Travels In Arabia Deserta

One of Dobson’s more preposterous follies was his attempt to rewrite Charles Montagu Doughty’s mad, massive classic Travels In Arabia Deserta (1888).

“What do you mean, ‘rewrite’ it?” asked Marigold Chew, when the out of print pamphleteer announced his plan to his inamorata over breakfast one rainswept March morning.

“I mean,” spluttered Dobson, choking on a mouthful of goosefat toastie, “That I will enter Doughty’s head, as it were, see what he saw, hear what he heard, smell the very same fumes his nostrils smelled, and from those sensual prods I shall weave a spell of words to create a new and improved Travels In Arabia Deserta, no less mad, no less massive, but better, grander, more true.”

*It is an intriguing, if foolish, idea,” said Marigold Chew, “But I wonder if you have thought it through. You will know, from Doughty’s book, if not from other sources, that the desert is a vast and pitiless place of burning heat upon which the sun beats down relentlessly. You, meanwhile, are a man whose hatred of bright sunlight – and hatred is not too strong a word – has often led me to think you have the constitution of a vampire. You are a man who thrives under overcast skies and in drizzle, Dobson, not a sun-worshipper.”

“Two points,” replied Dobson, swallowing a forkful of shredded radish, “First, I have not actually read Doughty’s book.
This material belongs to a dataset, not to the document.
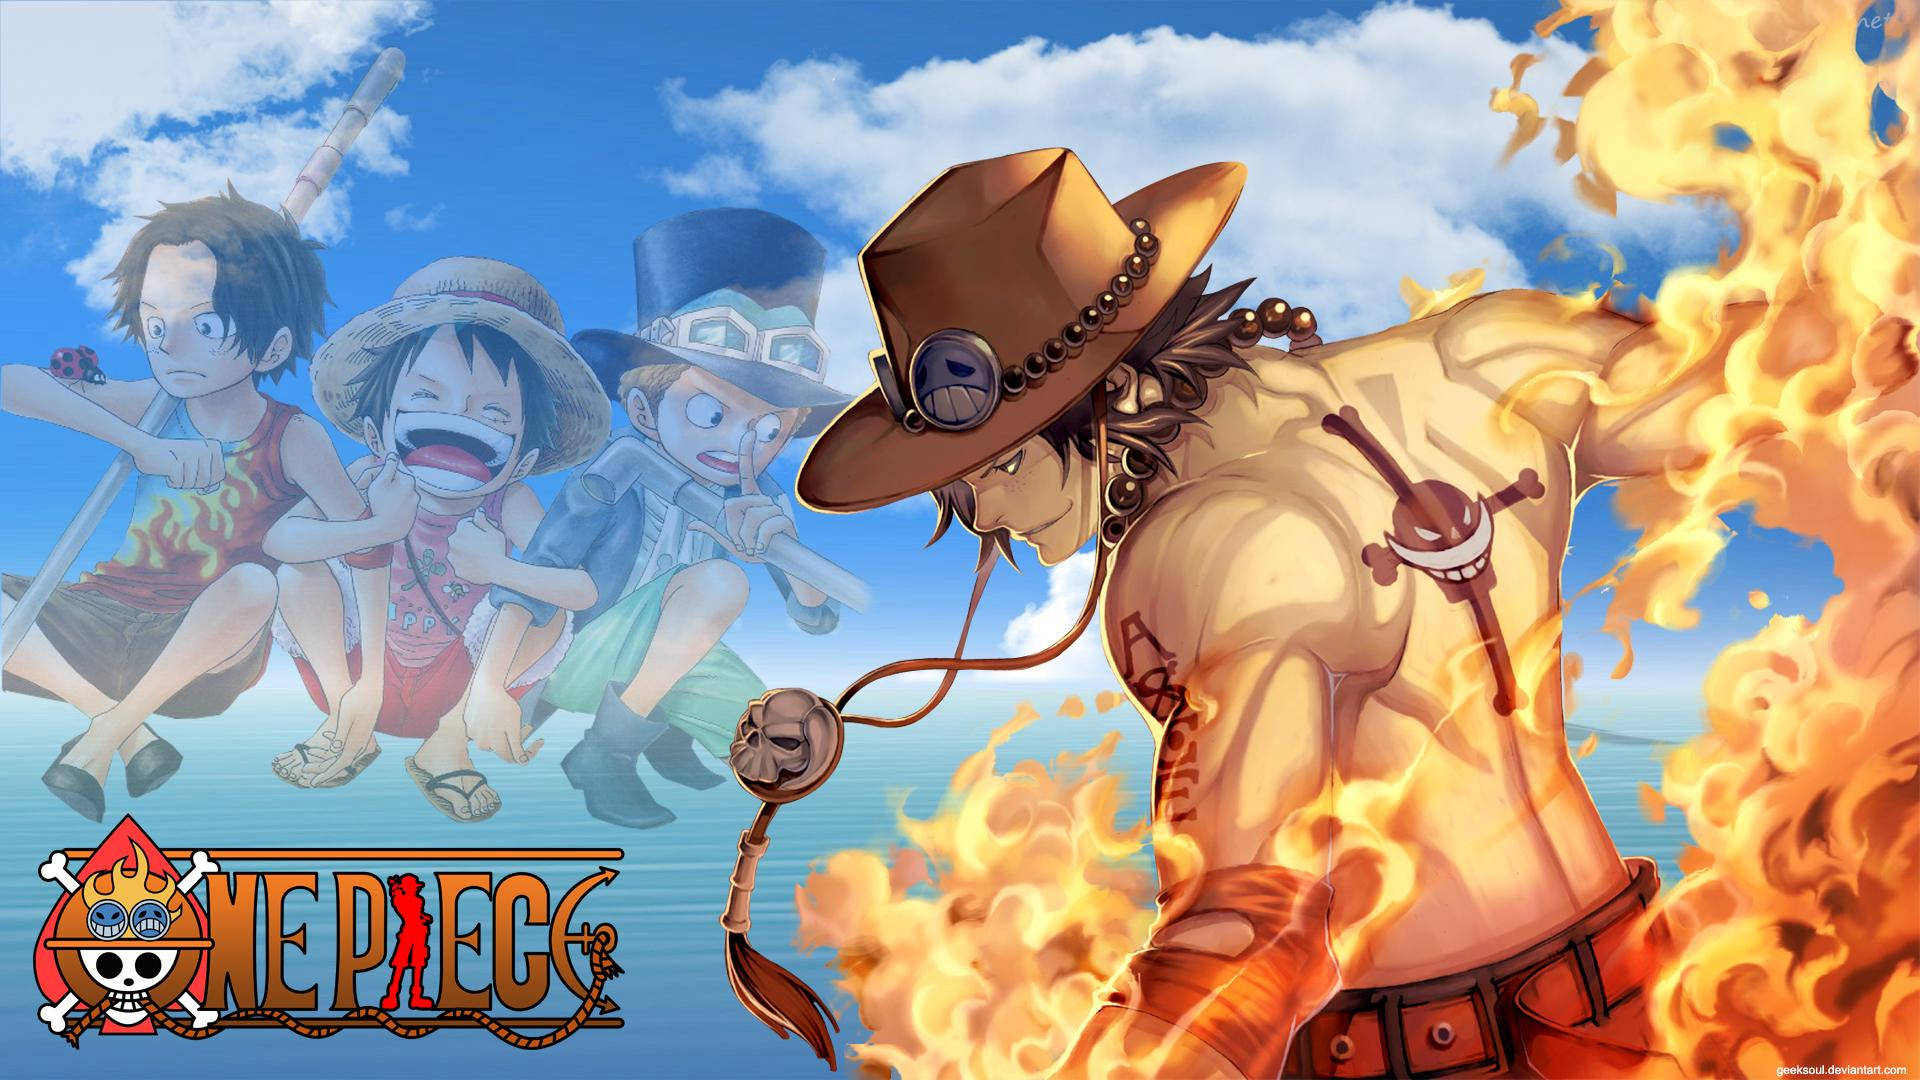 Free One Piece Ace Wallpaper Downloads, [100+] One Piece Ace Wallpapers for  FREE

Oh, I have skimmed it here and there, gained a feel for its strange and highly-wrought prose, weighed its mad mass in my hands, but I could not claim to be familiar with every last nook and cranny of the text. Second, I do not intend actually to travel in the burning sands of the hellish sun-bashed desert. If you listened carefully, you will have heard me say that my plan is to enter into Doughty’s head, from the comfort of my escritoire, and to summon forth the new Dobsonized Travels In Arabia Deserta through the majestic powers of imagination alone!”
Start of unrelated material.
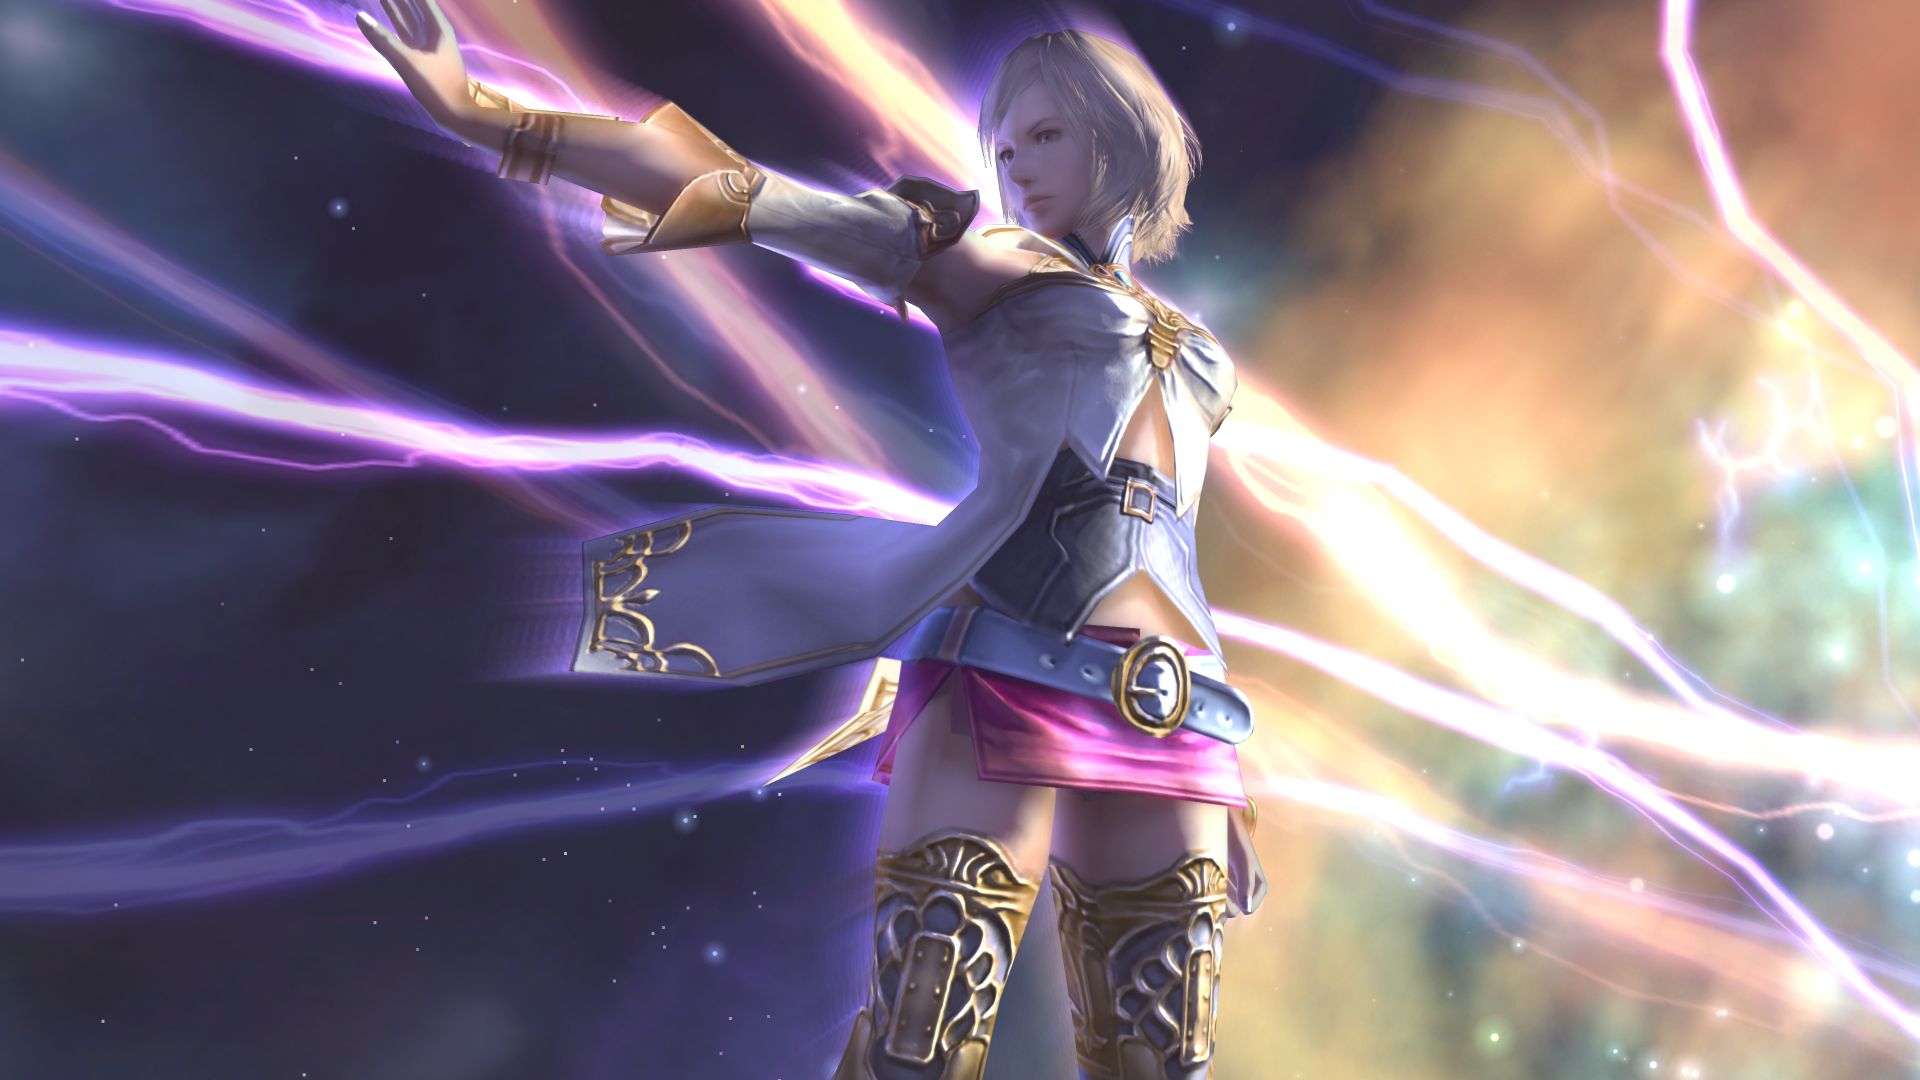 Final Fantasy Xii The Zodiac Age Ps4 And Pc Update Adds Job Reset Function Additional Gambit Sets Siliconera

“And you will enter his head how?” asked Marigold Chew.

“I snipped from a periodical a photograph of the Doughty head,” said Dobson, “And I have affixed it to the wall by my escritoire with a drawing pin. As soon as I am done with breakfast, I shall sit and gaze at the picture, in awed concentration, and as I gaze, slowly but surely the lineaments and integuments of the Doughty brain will become fused with my own brain, and swimming before my eyes shall come wondrous mirages. Mirages, after all, are the stuff of travels in Arabia Deserta, are they not? And then I will take up my propelling pencil and scribble down, in impassioned prose, all I see, all I hear, all I smell, while thus entranced. My plan is sound,” he concluded, “And I shall give birth to a masterpiece!”

Marigold Chew drained her beaker of milk slops and turned her head to look out of the window at the downpour.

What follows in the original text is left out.